Acceptance tests should be a vital part of any requirements document anyway. If a requirement doesn't also state its criteria for acceptance, it's not really a requirement; it's a wish.

What has happened here is that you've discovered value. The input value was not thought of when the story (and acceptance criteria) was written or when the code was written. If it's not part of the acceptance criteria, you don't really have a basis to reject the story.

What we would do on my team is:

  1. Create a Bug detailing expected and actual behavior.
  2. Update the acceptance criteria so that the new found requirement is documented.
  3. Prioritize the Bug along with all the other Stories and Bugs in the next iteration.

The benefit here is that you're forced to consider whether or not fixing this bug is the next most important thing to do. It may or may not be important enough to fix, but it is important that its value is considered.

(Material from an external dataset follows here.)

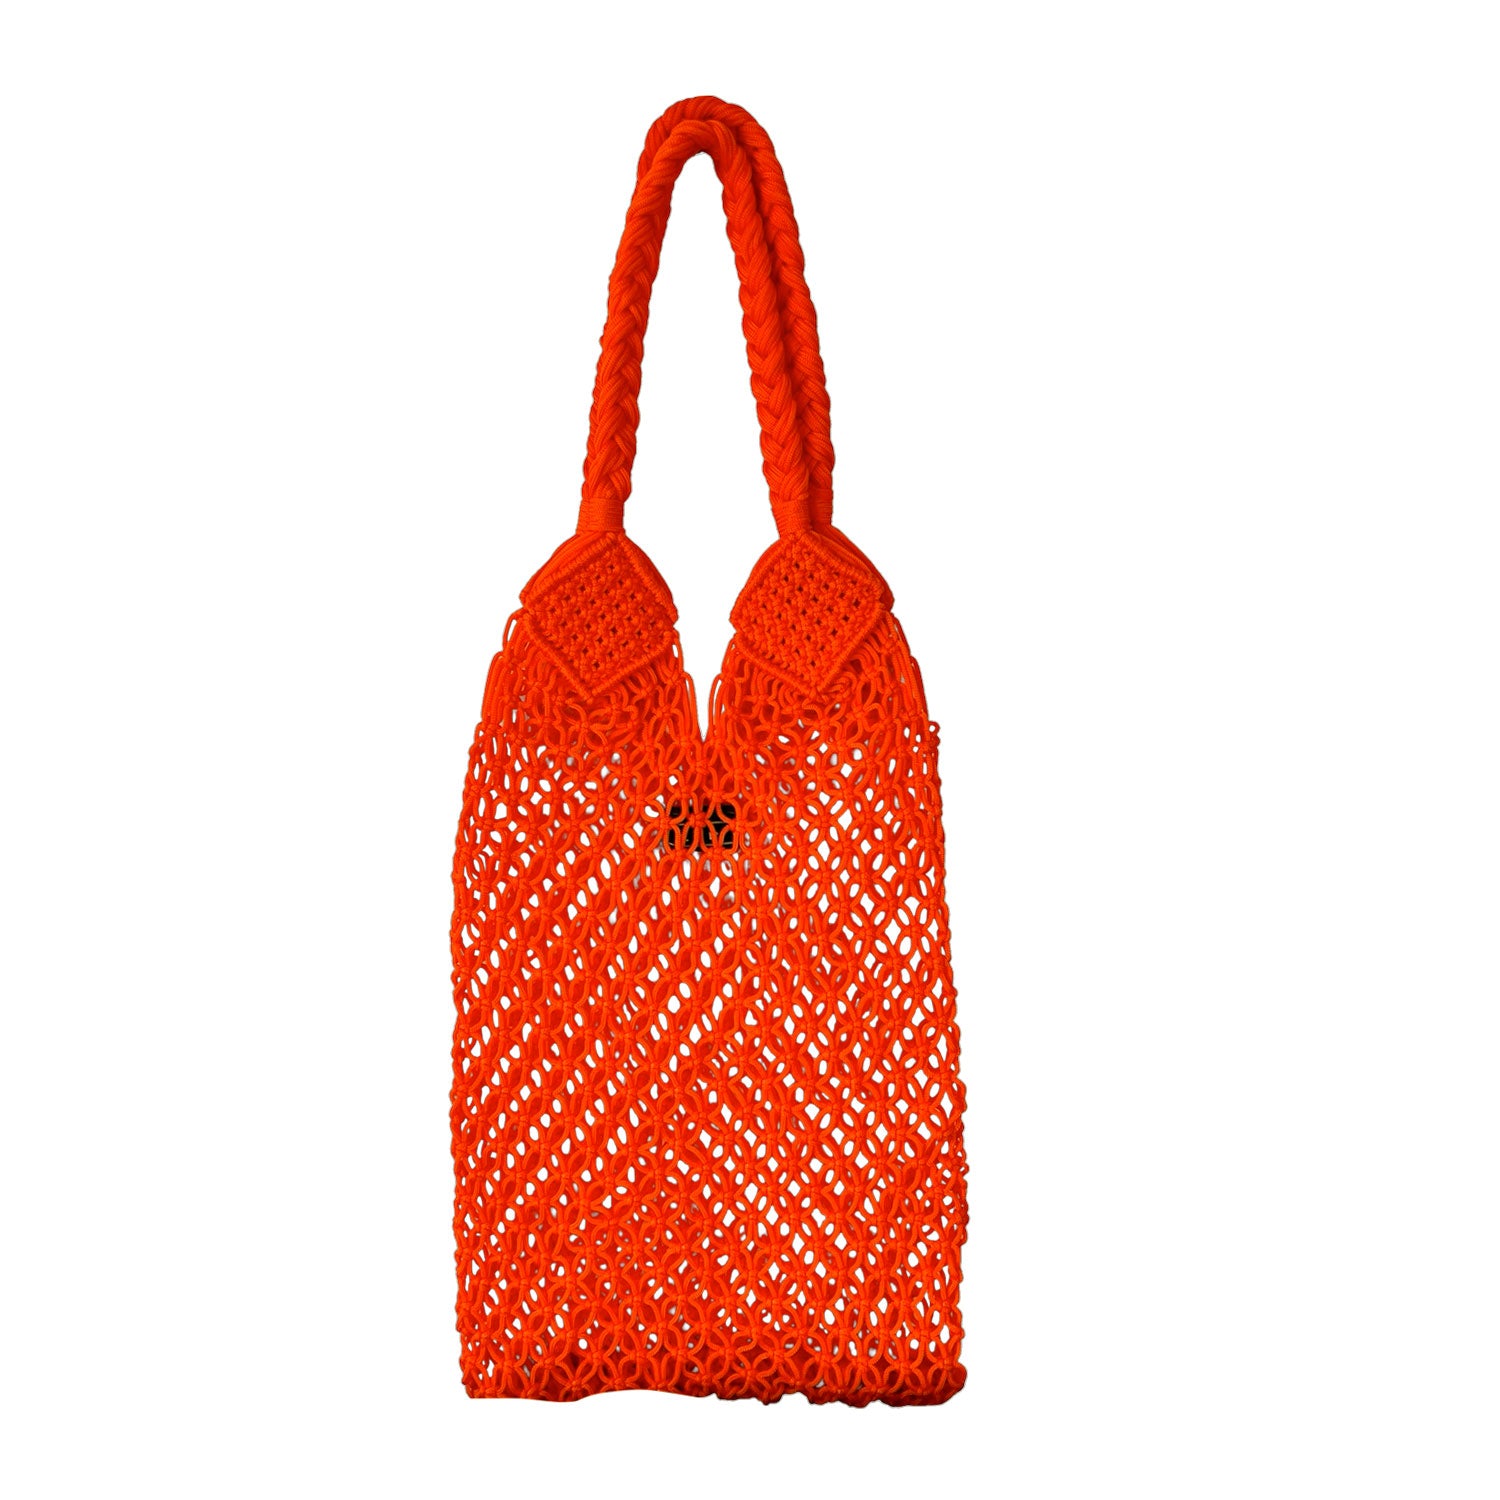 Braided Crochet Handbag in Orange

Of course, you still need to find a way to encourage developers (and yourself) to explore these edge cases up front. If your dev team isn't spending time breaking down stories, encourage them to have a detailed planning session prior to beginning work on them.

Some observations:

...when I reject his stories

I don't know your work culture or process, but to me rejecting a story is a severe step. If I were the dev, I would also generate push back on that as it is a recorded action that reflects badly on me and on the team.

He says its unfair since I don't specify the edge cases.

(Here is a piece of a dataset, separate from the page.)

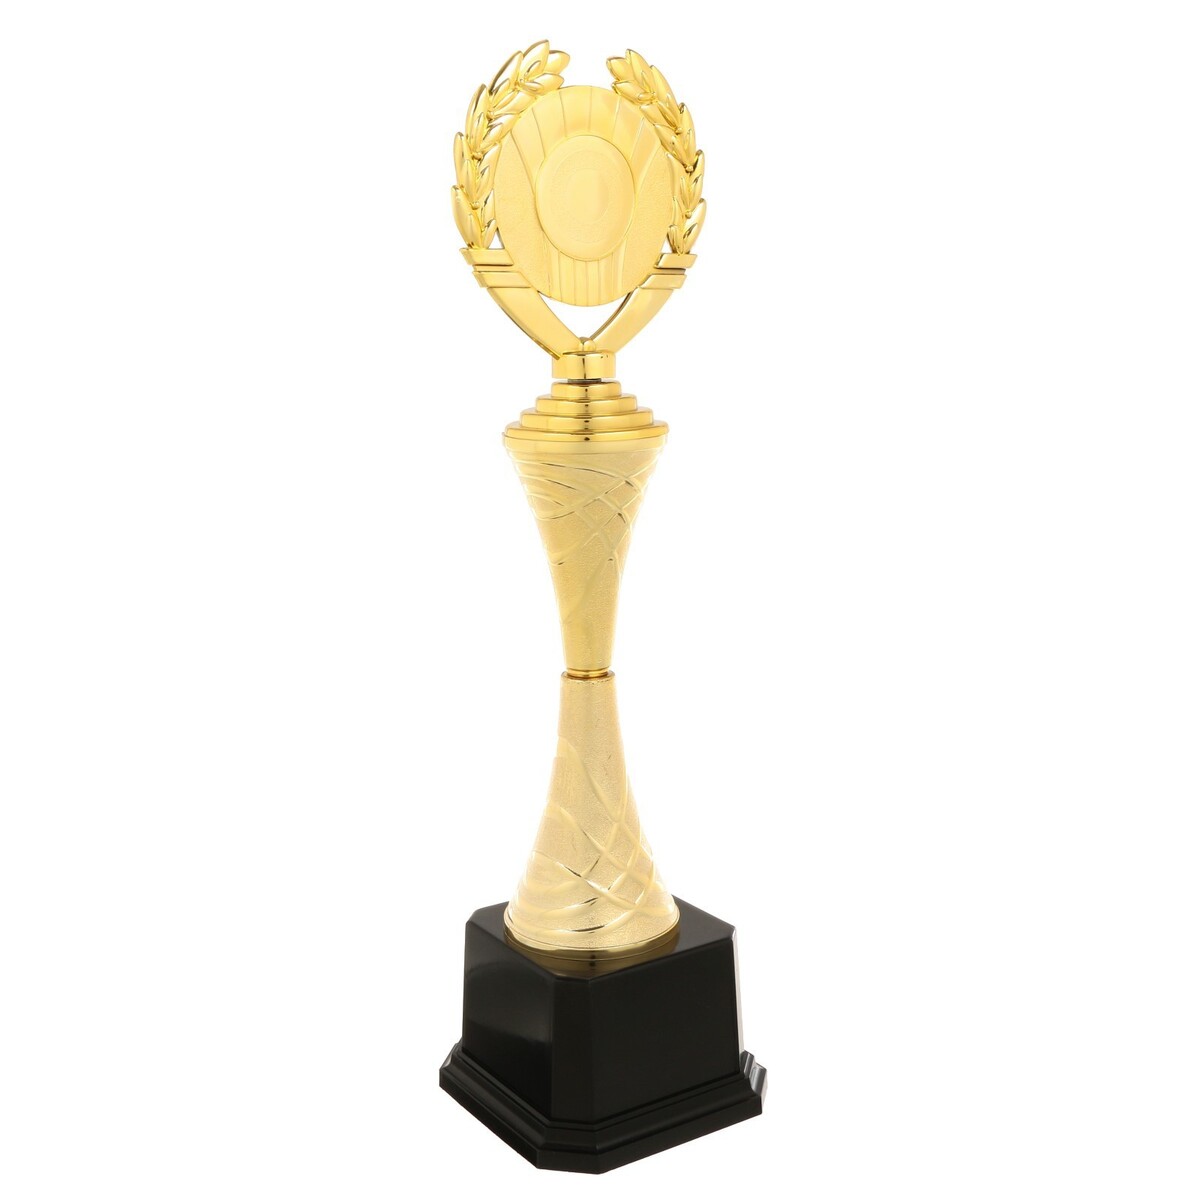 Кубок 178b, наградная фигура, золото, подставка пластик, 45 × 12,5 × 11 см.

It's unfair of him to expect you to know all the edge cases. But at the same time, it's unfair for you to expect that of him. Every change has risk, and as issues are discovered y'all need to work together as a team to address them.

I don't know his design for the story until after he implements it

You should not have to know the design. It can be helpful to know the design in order to make initial educated guesses as to which stories are easier or harder for backlog management. But avoid trapping the developer into your design when you write stories. It sucks all the fun out of it when you are simply a voice-activated keyboard for the PO.


It sounds like you guys should work on process improvement and do some team building. Some things I might suggest for process:

  • Suggest that the dev include time in the story to the cover fixing discovered edge cases. Heck, make it part of each user story. This is easily defensible via the goal of 0 new bugs introduced. The problem is that the dev is not planning for it currently. And he's out of time when you discover issues. It's going to take time either way, so put it in the story where it is visible during planning.
  • After your testing (and thank you for testing by the way!), send the dev a list of discovered issues. The fixing of those issues will go against the "fixing edge cases" condition of satisfaction.
  • If anything remains unfixed or is discovered too late, decide whether the story needs to be pushed based on whether the use case can be fulfilled. Known issues and work-arounds happen. Disclosed them in release notes and create new stories to fix them.
  • If there is a particular rough spot in the process that generates pushback, then change your process! After all, process improvement is part of Scrum. For instance, if your dev gets upset when you reject the story, then suggest to the team a change in process so that rejection doesn't trigger fixes. Do the testing and fixes before Done and Rejected.
  • Work with the team and what they have produced and make the best use of it you can. They don't do perfect work and neither do you. So plan for that. My teams have usually been devops, so we have an Unplanned Support user story each sprint for emergent issues... planning for the un-plan-able.

The requirements should be clear and concise. If they are not, then happens exactly what happened to you. It is your fault, and the worst thing you can do when specifying requirements is to assume things.

You specific example, about division by zero. If you didn't specify that you want to log the error, then don't complain if the developer prints 100 as result.

But in such cases, I would just fill missing gaps and pass them to the developer. After all, bugs in requirements do happen.